Would you like to be friends?
Not necessarily with me … but with your spouse?
Popular culture would say we should start with strong lust, but if your goal is a marriage that will last, friendship has more staying power than desire and needs to be acted on first, middle, and last.
Paul Coleman, Psy.D., author of The 30 Secrets of Happily Married Couples and a contributor to All-in-One Marriage Prep, says, “Friendship is a form of intimacy. It represents a sharing, an openness, a willingness to be vulnerable. It requires a degree of trust. Friends show caring to one another by their availability, their thoughtfulness.”
All of that translates into ensuring you have many different experiences with your partner over time before your engagement and definitely before your wedding.

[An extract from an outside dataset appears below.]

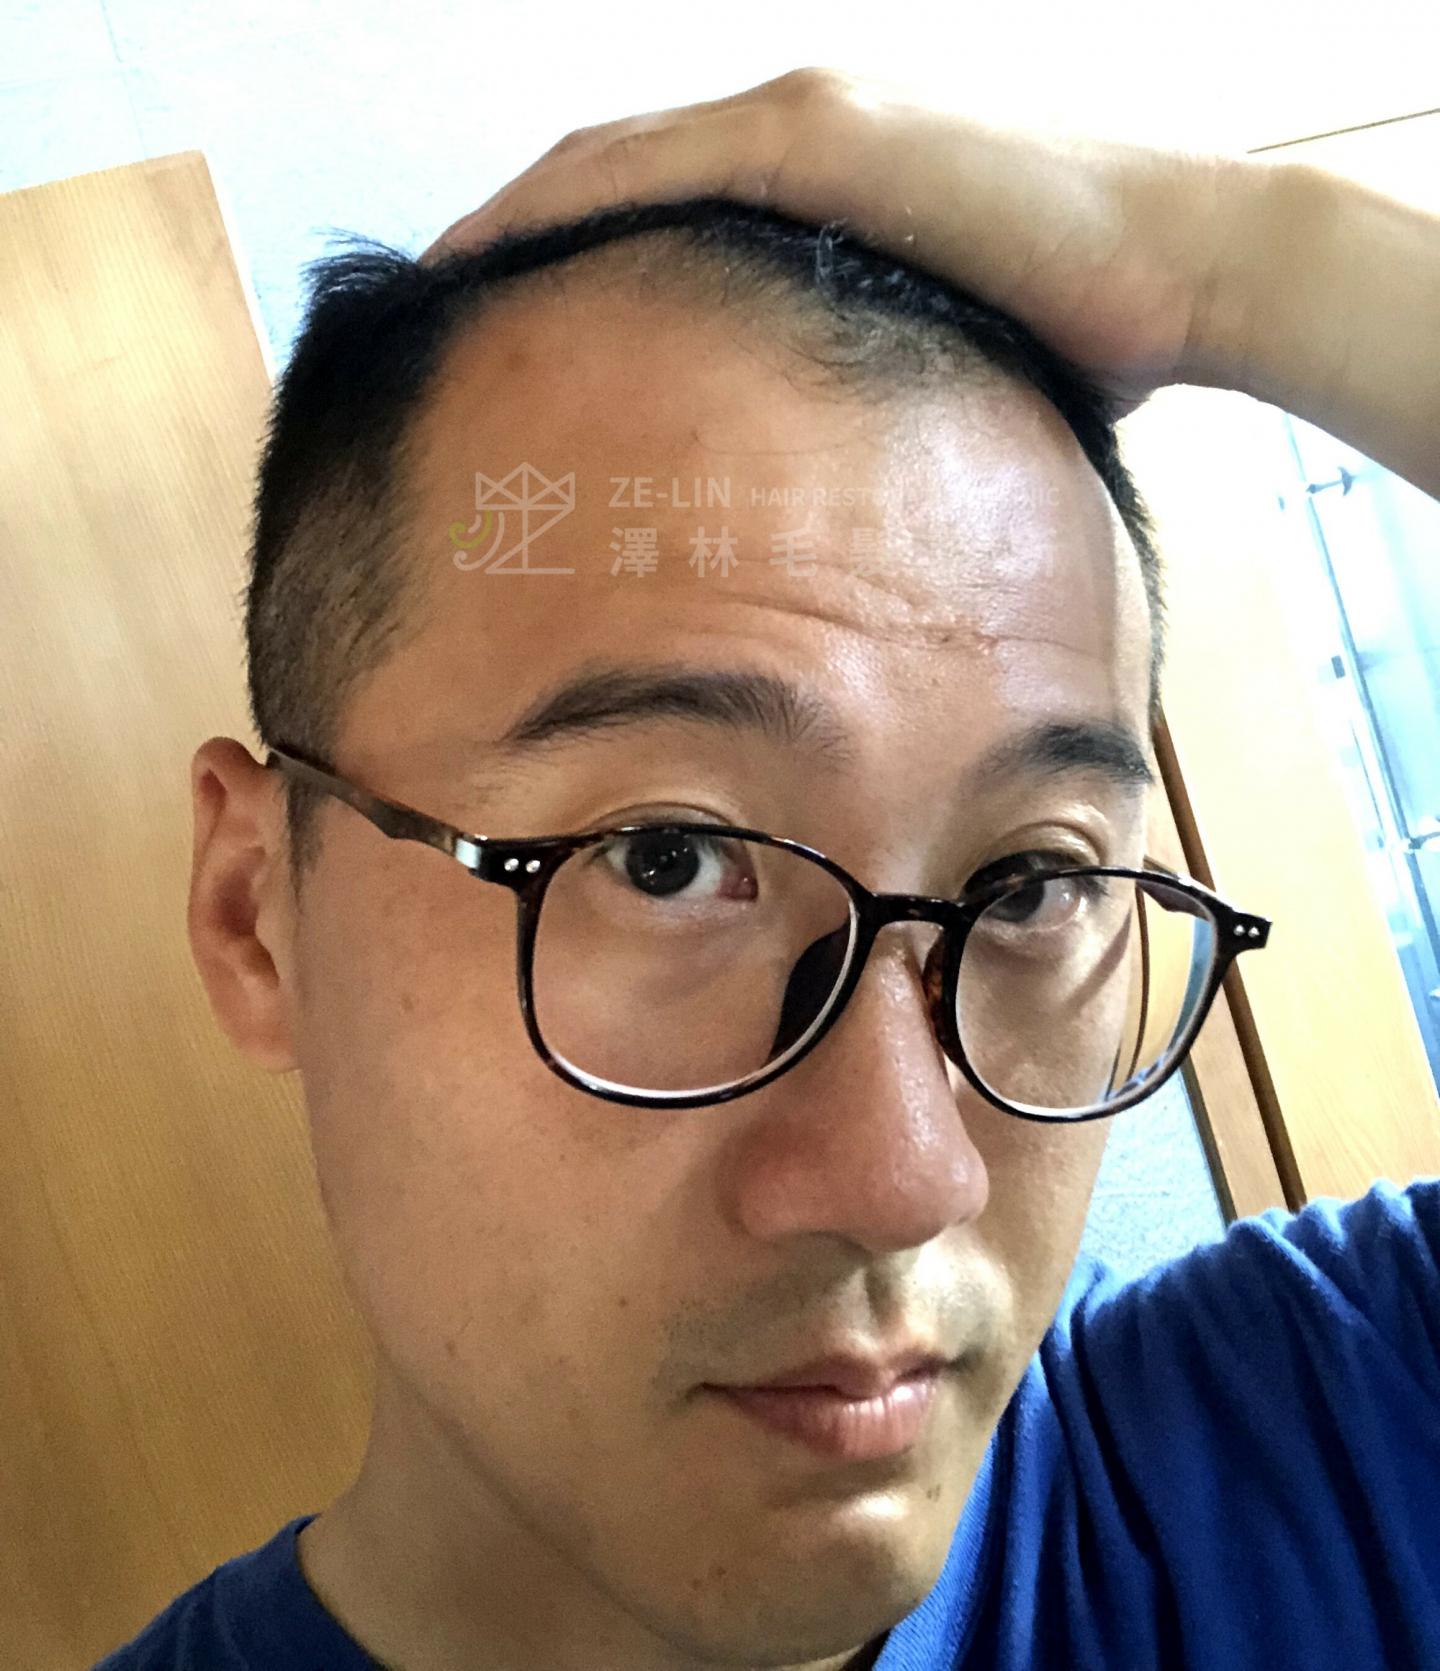 M型禿植髮案例:術前髮際線

When we are friends with our partner, we watch out for what’s best for one another. We support through thick and thin. We enjoy each other’s company, help each other laugh, and work and play well with each other. We don’t squabble over the toys in the sandbox; we are adult partners together. Although a water balloon fight once in awhile might be a fun idea!
A key part of being friends is offering encouragement. We help each other excel. We anticipate potential pitfalls. We make connections. We nurture creativity. We listen to the tears and complaints…for awhile…but then nudge or boot each other along into the light.

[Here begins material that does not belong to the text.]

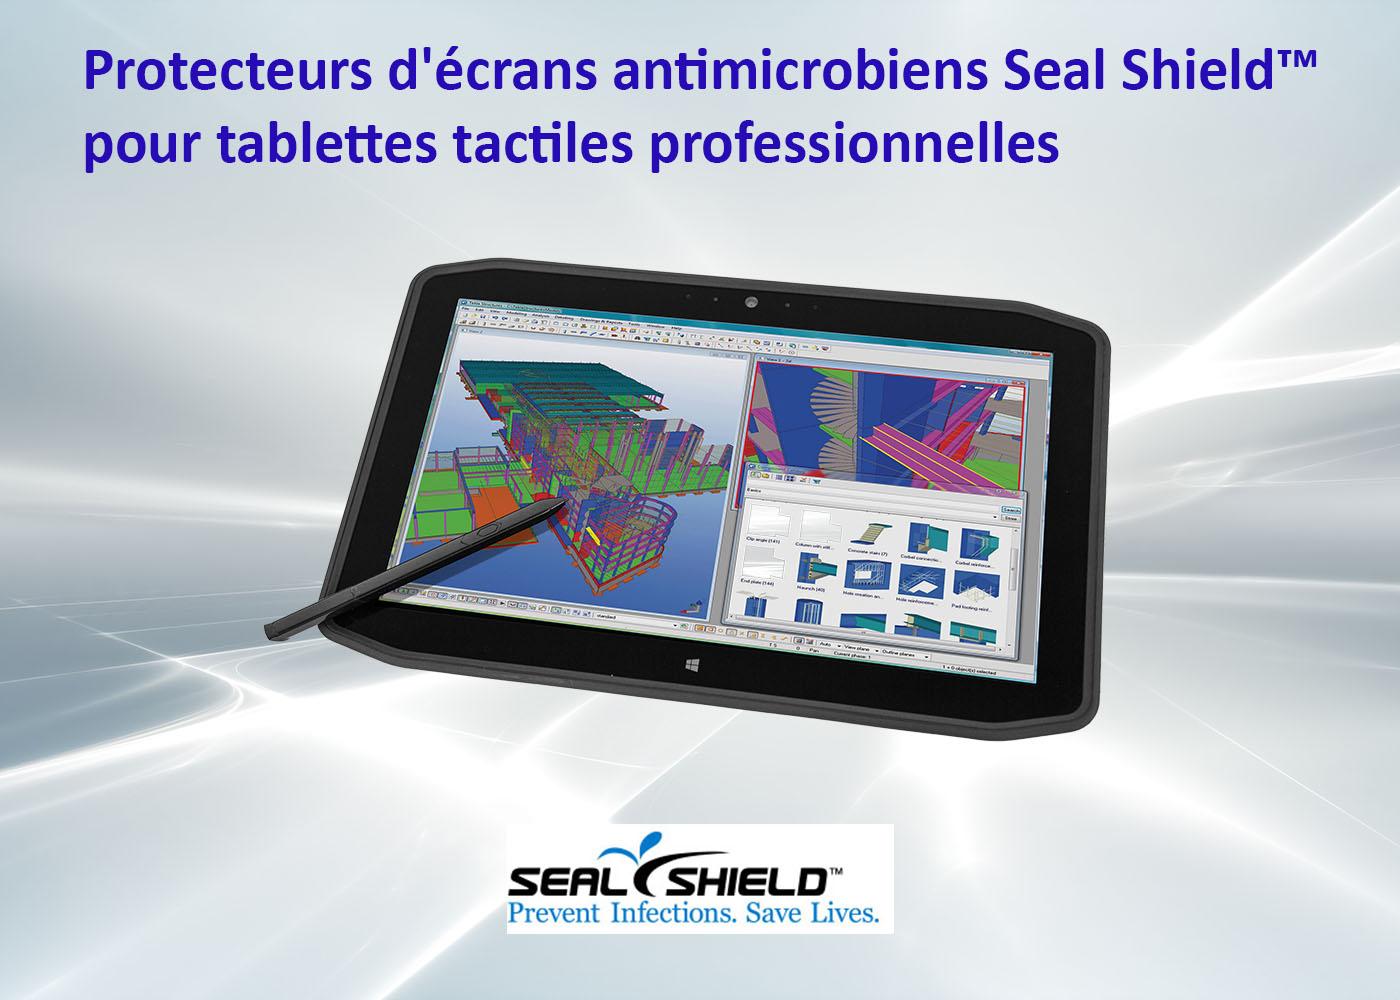 Film de protection pour tablettes tactiles professionnelles

Friends pray together and play together.
Who wouldn’t want this in a spouse?
Is it everything? Not hardly, but it’s a key piece.
Dr. Coleman says, “It is the brick in the foundation–a necessary part of a marital foundation, but incomplete without other factors that hold the brick in place.” Like faithfulness, love of children, and more.
When we are friends together, then we also recognize when we have mutual friends who are in support of our relationship or marriage. These friends help remind us of what we love in our mates, encourage our commitment, and support the strength of our bond. They validate that our relationship is healthy and viable…or that we need to get some help.
Not everyone is a fan of checklists, but sometimes it really is a good idea to take a gentle, loving inventory so we can set goals to improve.
Here’s mine so you can say whether your relationship is at low, medium, or high level on each factor:

Qualities of an Excellent Friendship

  1. Good communication; ability to share honestly about positive and difficult matters
  2. Acknowledgement and affirmation of positive qualities in each other
  3. Enjoyment of quiet, peaceful time together
  4. Play, fun, and laughter
  5. Acceptance; allowing both partners to be themselves
  6. Support and appropriate sympathy, empathy, and help during difficulties
  7. Enthusiasm for individual and shared goals and achievements
  8. Loving, spiritual connection (such as through prayer, meditation, activities)
  9. Encouragement
  10. Loyalty
  11. Trust that shared information will kept confidential and not used hurtfully
  12. Reliability; trustworthiness
  13. Willingness to suspend judgment and avoid jumping to conclusions
  14. Common experiences and bonding memories
  15. Ability to work together on projects
  16. Agreed-upon boundaries and expectations
  17. Shared interests
  18. Willingness to learn together and from one another
  19. Ability to disagree peacefully and constructively
  20. Shared values
  21. Ability to reconnect easily after being apart
  22. Motivational feedback or nudging that constructively influences the other to grow
  23. Attitude of forgiveness, not holding grudges, and willing to grant another chance
  24. Respectfulness and equality

If you measure up well on these factors before marriage, then check them out again each anniversary and keep going. As Dr. Coleman says, “When passion has its ups and downs, friendship is the stabilizing force. It says ‘I care…you are important to me…’.”